#### Problem description
Using the records that follow, reproduce exactly the lines starting at the line containing "CorLiving Cory 3pc" and ending at the line containing "VMware Cloud on AWS - Arraya Solutions". Include both end lines and no pictures.

═════ Entries provided ═════

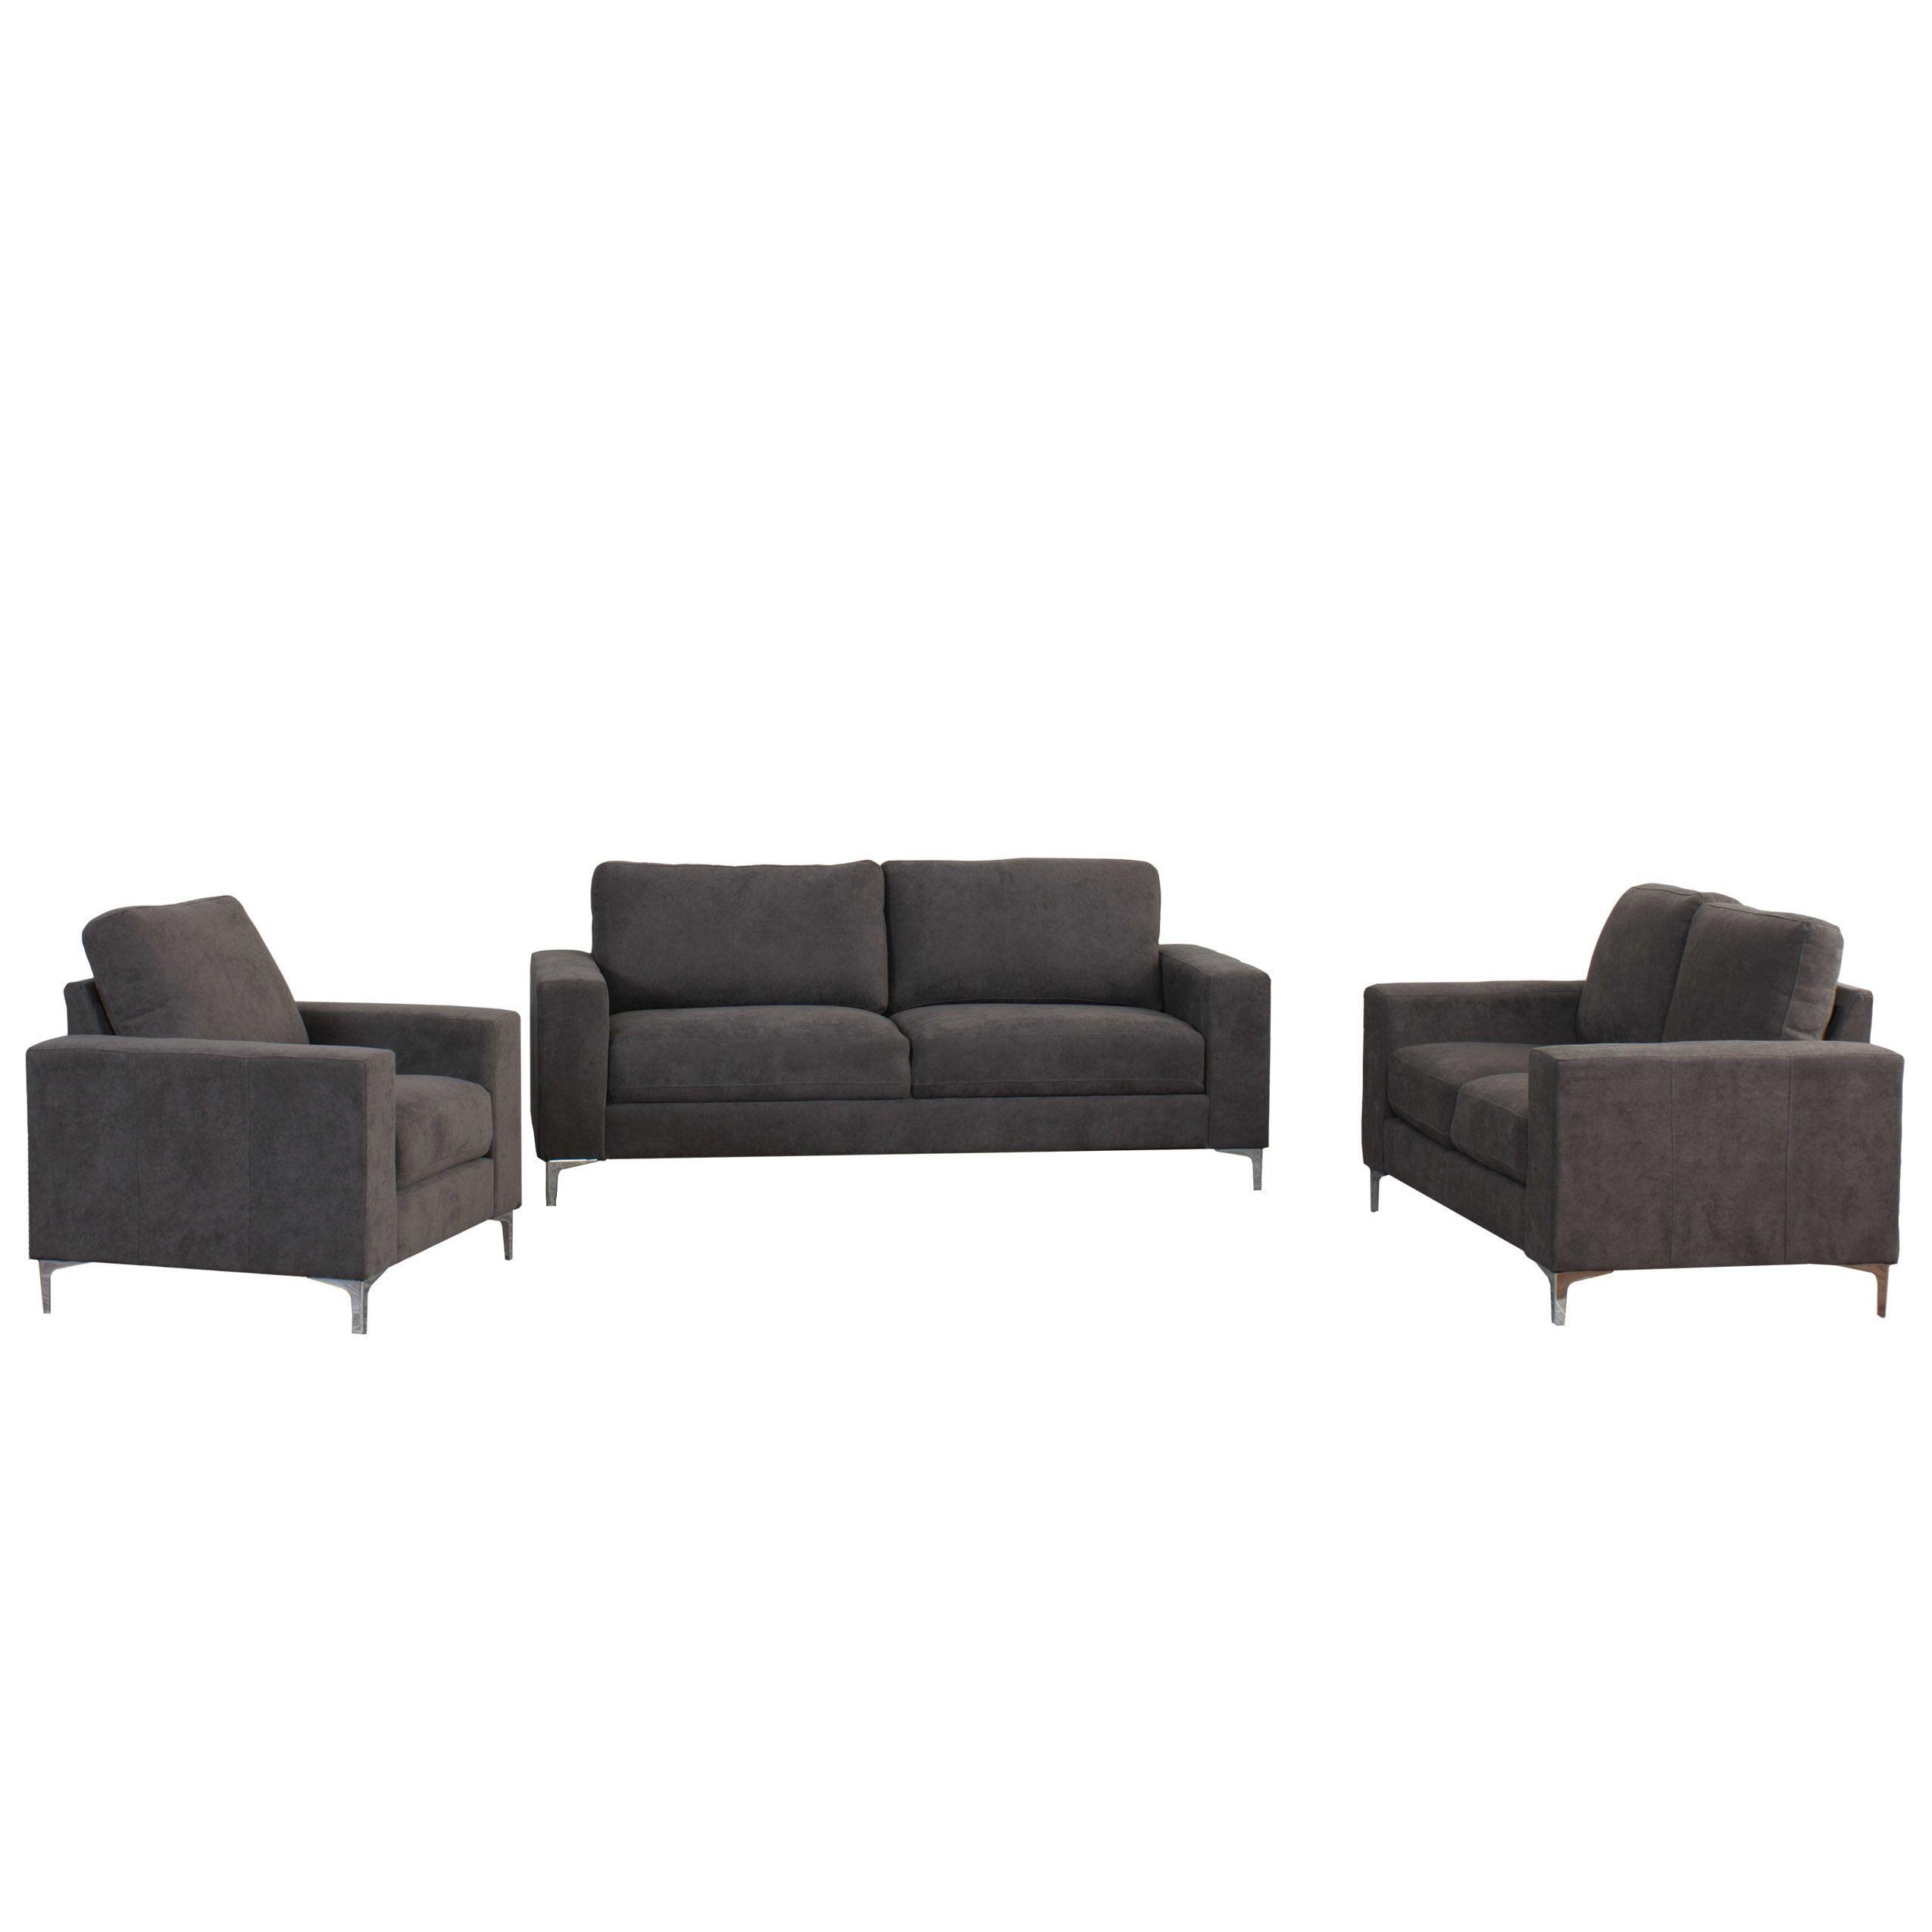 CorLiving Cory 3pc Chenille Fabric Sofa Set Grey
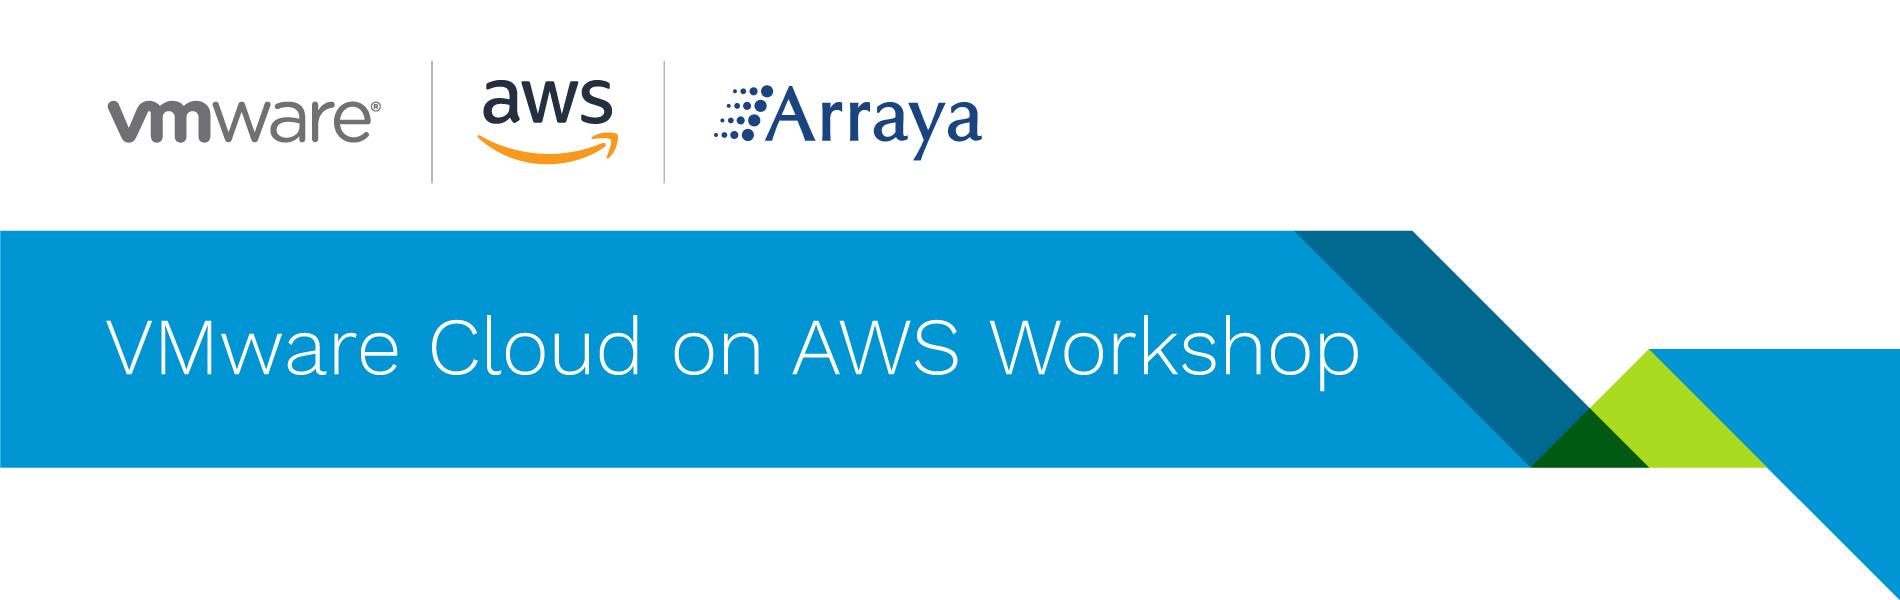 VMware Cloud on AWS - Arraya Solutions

═════
═════ Entries provided ═════

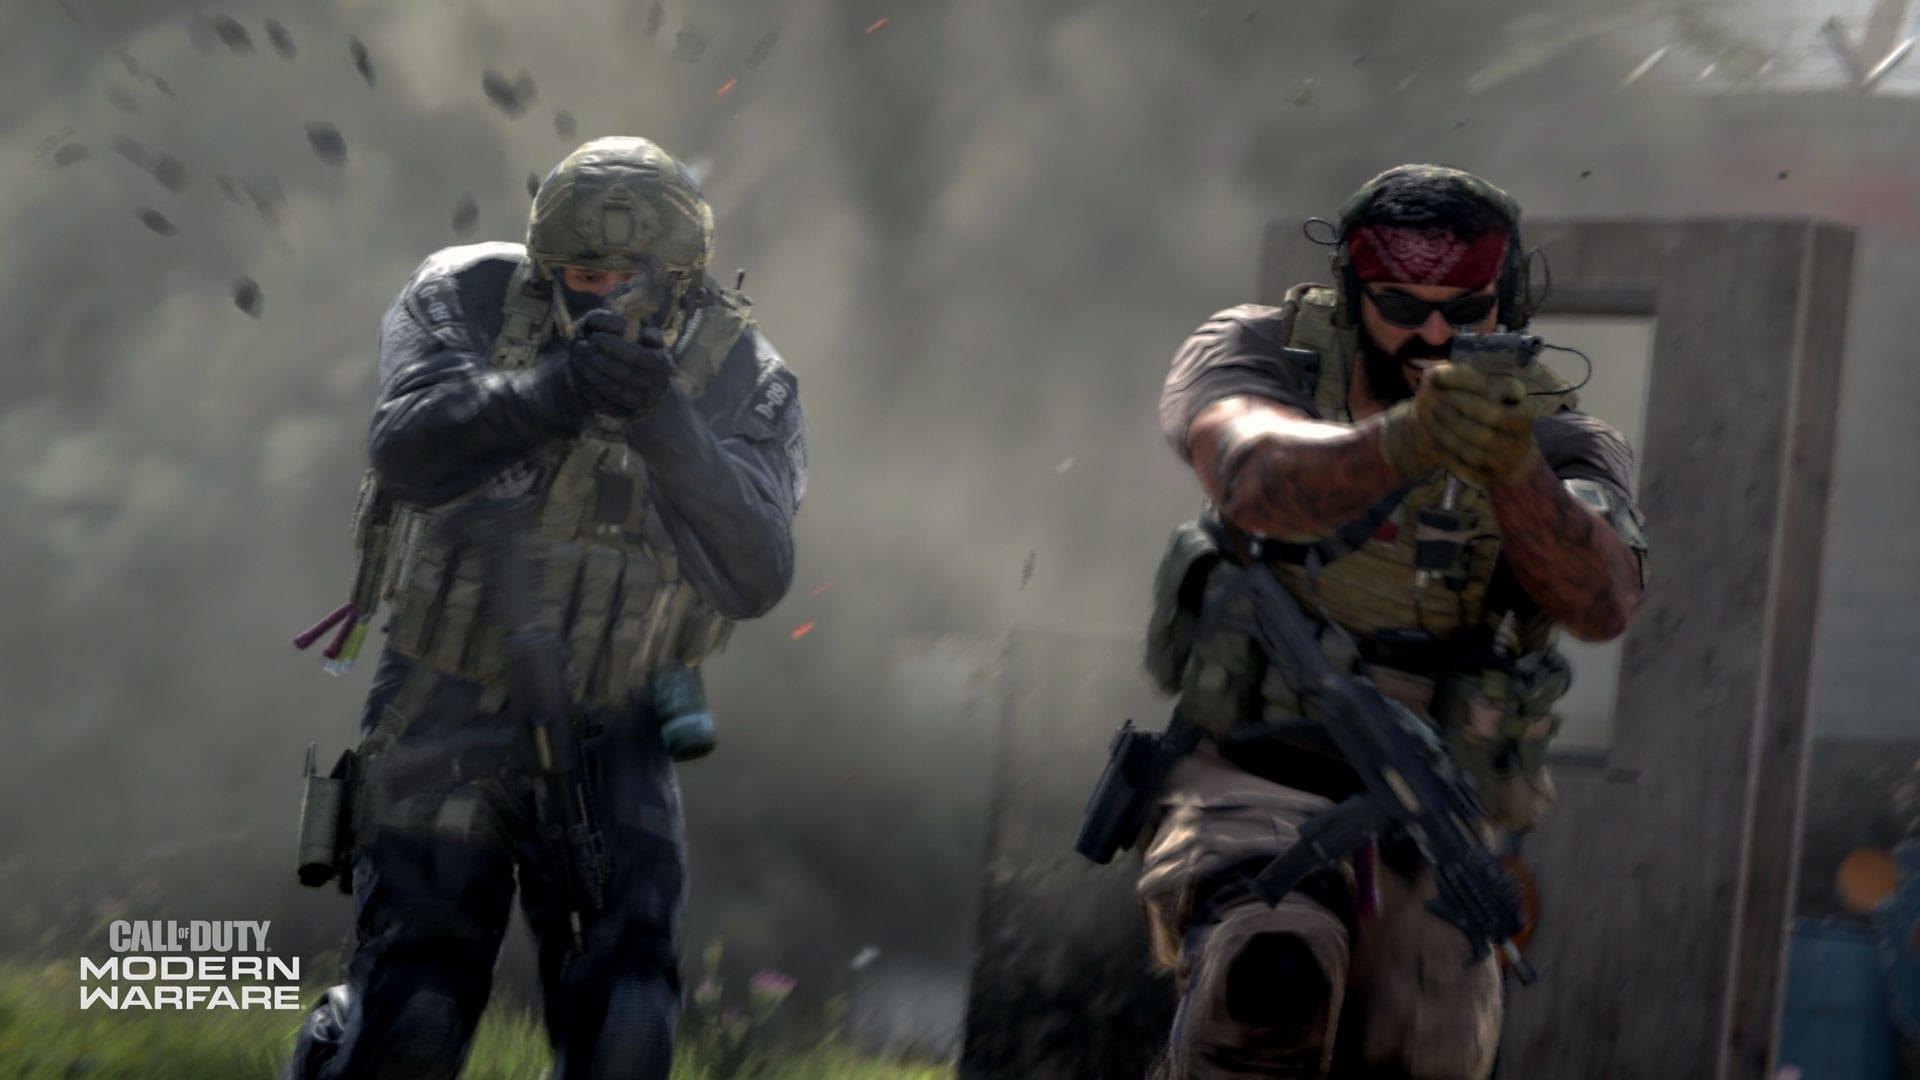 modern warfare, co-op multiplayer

═════

#### Answer box
 CorLiving Cory 3pc Chenille Fabric Sofa Set Grey
 VMware Cloud on AWS - Arraya Solutions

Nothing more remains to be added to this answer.